Piperidine from the hydrolysis of piperine

This thread is a report of work still in progress but was driven by my need for a small amount of piperidine and I have no recovered 34.9g of slightly moist piperidine hydrochloride from the hydrolysis of piperine.

There are about 10 threads on the SM site on the extraction of piperine from pepper corn but only 2 on the hydrolysis and they are both useless. For this reason I have started a new thread.

These experiment were developed from a YouTube video produced by Chem Player (https://www.youtube.com/watch?v=KDGIYEaGCZw&t=1s). He used 7g of piperine he had previously extracted from pepper corns but because the yield of piperidine could only be about 2g at best and I was more interested in obtaining piperidine in workable quantities I chose to buy 100g of commercial 95% piperine extract and scale up Chem Player’s method by a factor of 5, e.g. using 35g of crude piperine, for my first attempt.

The Hydrolysis
25.160g of 85% potassium hydroxide flakes were placed in a 500 ml conical flask containing a fairly large (about 45mm) stir bar. 200ml of 95% ethanol (rectified spirit) were then added and the mixture stirred until the alkali had dissolved. 35.060g of commercial piperine extract (note 1) was then added to the reaction mixture.

Photo 1 Flask with KOH in rectified spirit
Photo 2 The yellow slurry after adding the piperine

A brilliant yellow suspension formed immediately but gradually, on heating, the piperine dissolves giving a deep honey brown–orange solution. A reflux condenser was added to the flask and it was gently heat to boiling then refluxed for 4½ hours. After about 20 minutes refluxing a crystalline precipitate starts to form. As refluxing continued the amount of solid makes the slurry rather thick and but not difficult to stir though a large stir bar is needed.

Photo 3 The dark honey brown but clear solution after 10 minutes
Photo 4 The crystalline precipitate after about 2 hours reflux

After the reflux period, the suspension was allowed to cool a little and then the condenser re-arranged for simple distillation; no temperature monitoring was required. The liquid was distil off until the residue becomes too thick to stir, this resulted in about 170ml of distillate. When the flask was cool enough to be handled with bare hands 70ml of water were added and the solid stirred up into a dark brown slurry then it was left to cool to room temperature. The slurry was filtered at the pump with a 70mm Buchner funnel and the cake washed with about 30ml of the distillate and then with about 40ml of rectified spirit to give an almost white cake. The cake was drained as dry as possible and finally dried on a watch glass. The yield of crude potassium piperinate was 27.714g which is about a 92.8% yield though it is still rather impure (note 2).

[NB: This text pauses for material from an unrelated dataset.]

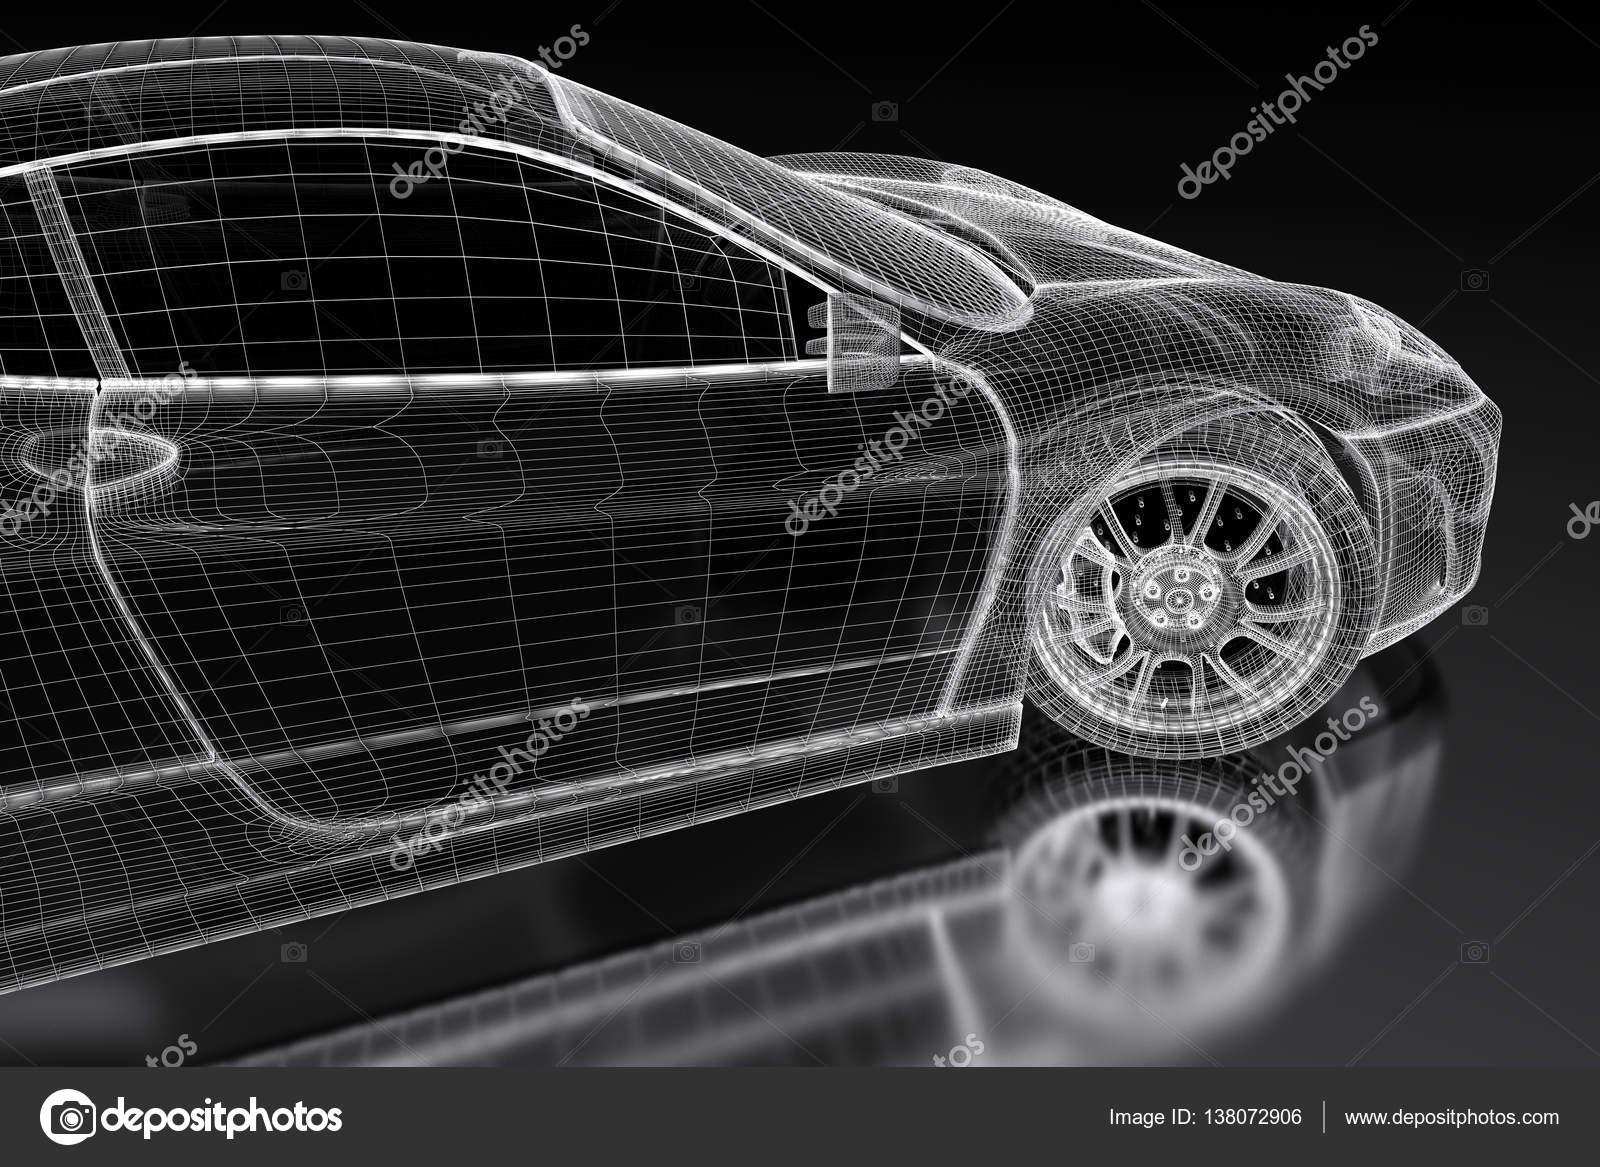 3D Auto-Netz auf einem schwarzen — Stockfoto © Shtanzman #138072906

Photo 5 The set-up for the removal of the solvent
Photo 6 The filtrate after collecting the first crop of K piperinate

The filtrate was returned to the flask and distilled again until the residue was again difficult to stir and then cooled (note 3). All of the distillates were combined and rendered weakly acid with 30% hydrochloric acid, about 13ml were required. The acidified distillate was then distilled again with temperature monitoring; the first 230ml or so distilled below 95°C and was kept for recovery of the alcohol. Another 70-80ml of increasingly cloudy distillate passed over and was discarded; it smells distinctly of pepper and probably consists of some un-hydrolysable essential oil in water. The small amount of slightly discoloured liquid left in the flask was transferred to a shallow bowl and evaporated to dryness with constant stirring on a hotplate. The yield of very pale yellow piperidine hydrochloride was 12.66g (It took several attempt to get the weight this low, the product is very soluble and deliquescent).

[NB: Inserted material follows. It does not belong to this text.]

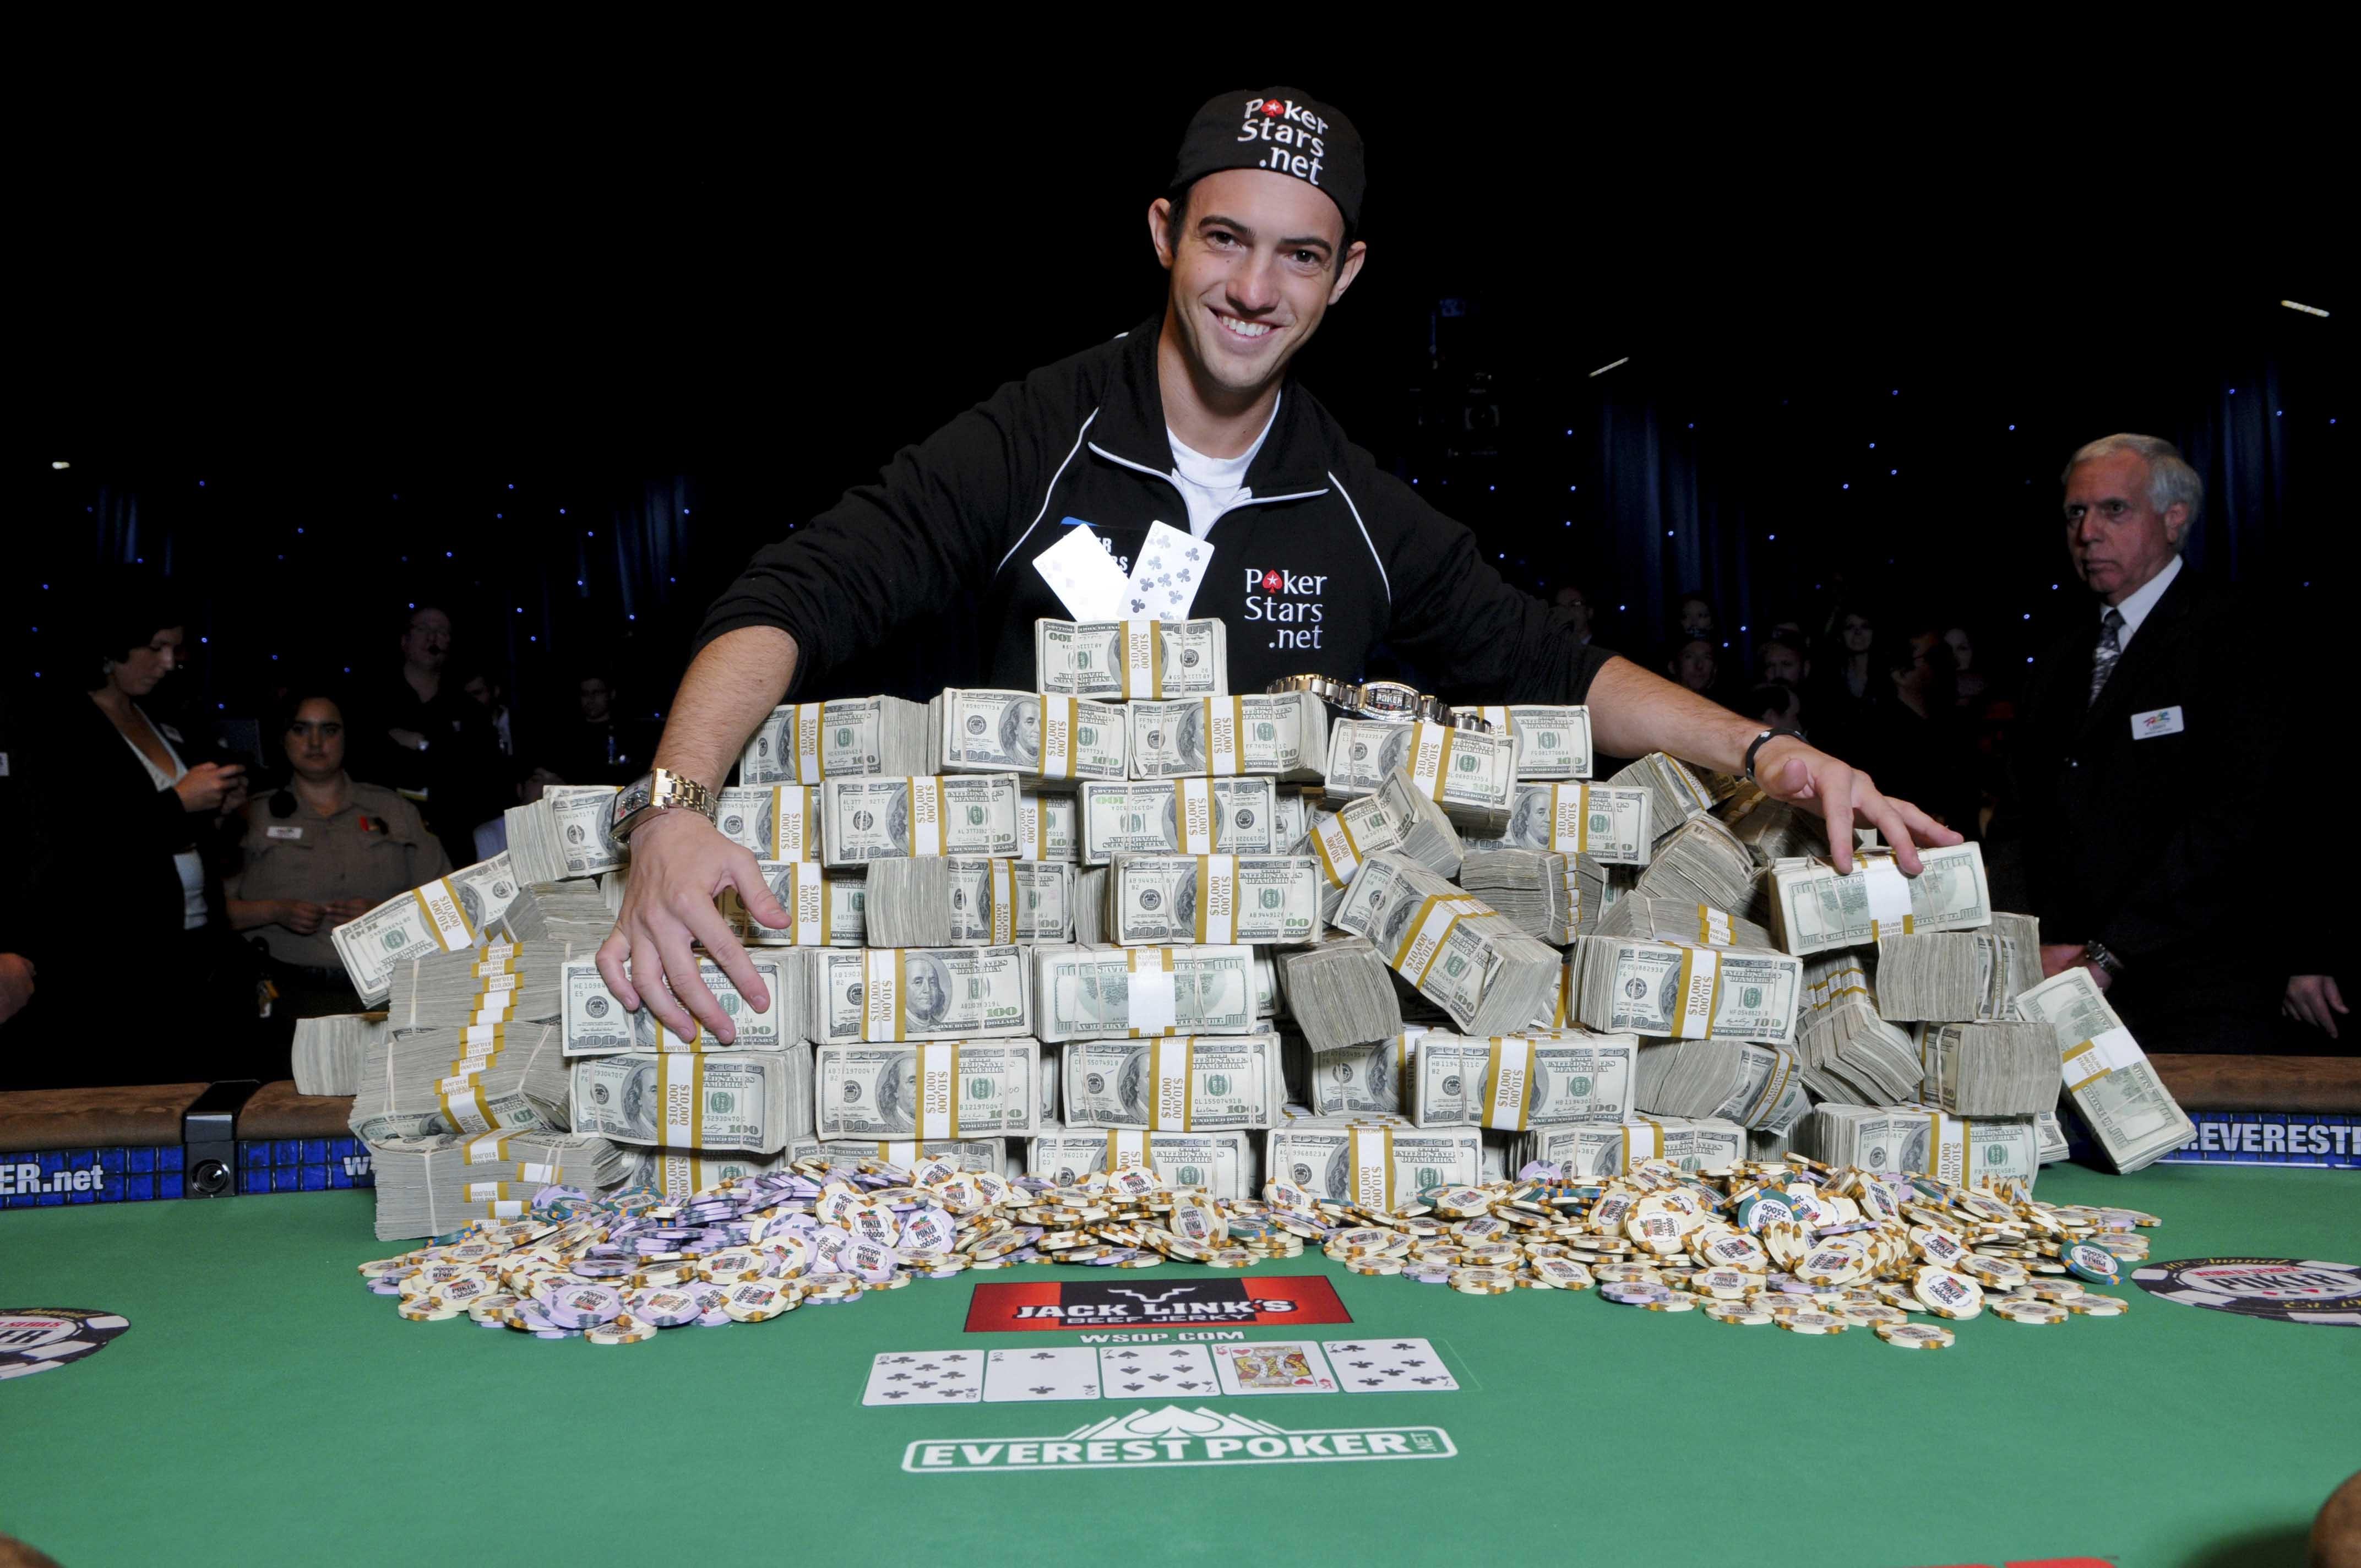 Free money at casino poker casino regina showroom

Photo 7 The crude dried potassium piperinate
Photo 8 The dried piperidine hydrochloride

Recovery of Piperinic acid
The crude potassium piperinate (27.714g) was dissolved in 200ml of hot water, cooled to a little above room temperature and filtered. The filter cake consists of a very little off-white residual piperine and weighed 1.517g.

Photo 9 Dissolving the potassium salt in water - the insoluble is partly piperine
Photo 10 The filtered K piperinate solution

The clarified solution was acidified with 30% hydrochloric acid until it was strongly acid and left to stand for several hours, the result was an almost solid butter-like pale yellow mass. The mass was slurried with a stirring rod and filtered at the pump using a 90mm Buchner (note 4) funnel and washed with cold water. The cake was dried in a warm location for several days to obtain a constant weight; the product is a fine pale yellow powder resembling sulphur and is quite odourless. The yield was 24.698g (theory 25.43g for a 95% starting material).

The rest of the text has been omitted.